Question

Let a, b, c, d, e be natural numbers in an arithmetic progression such that $a+b+c+d+e$ is the cube of an integer and b + c + d is square of an integer. The least possible value of the number of digits of c is?
(a) 2
(b) 3
(c) 4
(d) 5

Answer 1

Hint: We know that in an arithmetic series, the numbers are in such sequence that the difference between two consecutive terms is constant throughout the series.

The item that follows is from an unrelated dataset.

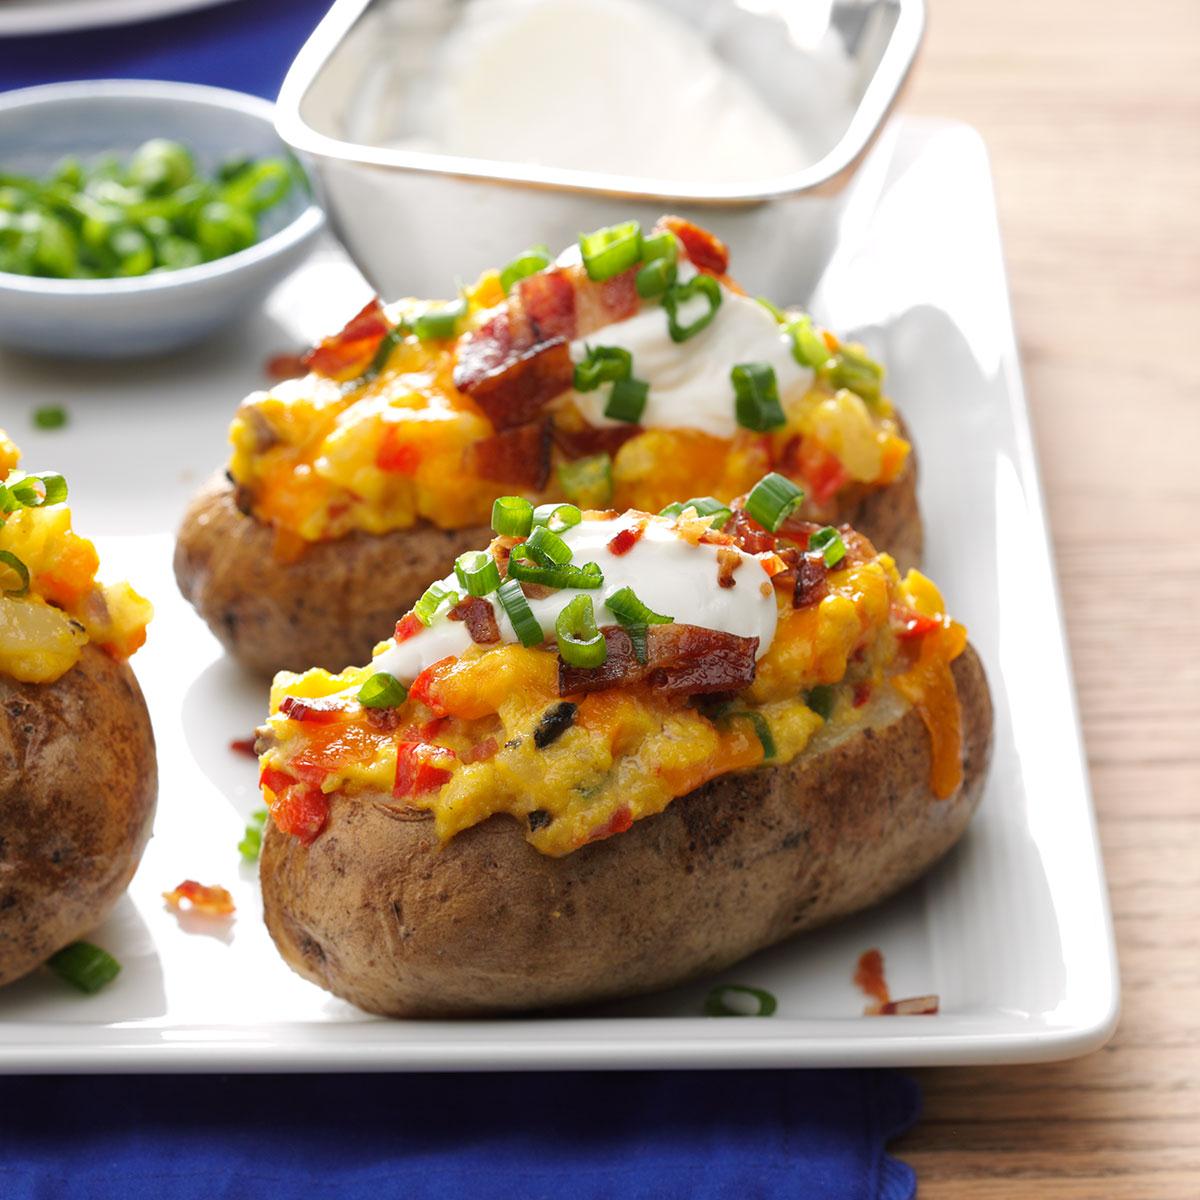 Favorite Loaded Breakfast Potatoes Recipe: How to Make It

Complete step-by-step answer:
Let a, b, c, d, e be natural numbers in an arithmetic progression. We know that arithmetic progression or arithmetic sequence is a sequence of numbers such that the difference between two consecutive terms is constant.
Let us assume that the common difference between them is D and the first term of series is A.
So according to our assumption, the numbers can be written as,
a = A – 2D
b = A – D
c = A
d = A + D
e = A + 2D
We know that it is given in the question that $a+b+c+d+e$ is the cube of an integer. So, let us suppose that the integer is p.
So, we can write that,
$a+b+c+d=e={{p}^{3}}....\left( i \right)$
Also, it is given in the question that b + c + d is the square of an integer. So, let us suppose that the integer is q.
So, we can write that,
$b+c+d={{q}^{2}}....\left( ii \right)$
Now we can substitute the values of A, B, C and D in equation (i) as shown below,
$A-2D+A-D+A+A+D+A+2D={{p}^{3}}$
On simplifying the above equation, we can observe that the variable D will get cancelled out and we will be left with the variable A in the left-hand side of the equation.
$5A={{p}^{3}}....\left( iii \right)$
Now substituting the value of B, C and D in equation (ii), we will get
$A-D+A+A+D={{q}^{2}}$
Again, on simplifying the above equation, we can observe that the variable D will get cancelled out and we will be left with variable A in the left-hand side of the equation.
$3A={{p}^{2}}....\left( iv \right)$
Now we have to divide equation (iv) by equation (iii). We will get,
$\dfrac{5A}{3A}=\dfrac{{{p}^{3}}}{{{q}^{2}}}$
We can observe that variable A is cancelled out and we will be left with
$\dfrac{5}{3}=\dfrac{{{p}^{3}}}{{{q}^{2}}}$
$\dfrac{{{p}^{3}}}{5}=\dfrac{{{q}^{2}}}{3}$
It is said in the question that we have to find the least possible value of the number of digits of c.
So by hit and trial method, the least possibility is
$\begin{aligned} & p=5\times 3 \\\ & q=5\times 3\times 3 \\\ \end{aligned}$
As it will satisfy the equation, we have $p=15\text{ and }q=45$.
Now we know that
$5A={{p}^{3}}$
So putting the value of p = 15 in it, we will get
$\begin{aligned} & 5A={{15}^{3}} \\\ & 5A=3375 \\\ & A=675 \\\ \end{aligned}$
Since we have the value of c = A, we get that c = 675.
It consists of 3 numbers of digits, so the answer to the question is 3. Hence, we get option b as the correct answer.

Note: We can approach this question with a different method. We can take elements of the A.P series as $a,a+d,a+2d...$ instead of $a=A-2D,\text{ }b=A-D,c=A,d=A+D,e=A+2D$. But, this method will increase the number of unknown variables in the equation and make it difficult to solve the question.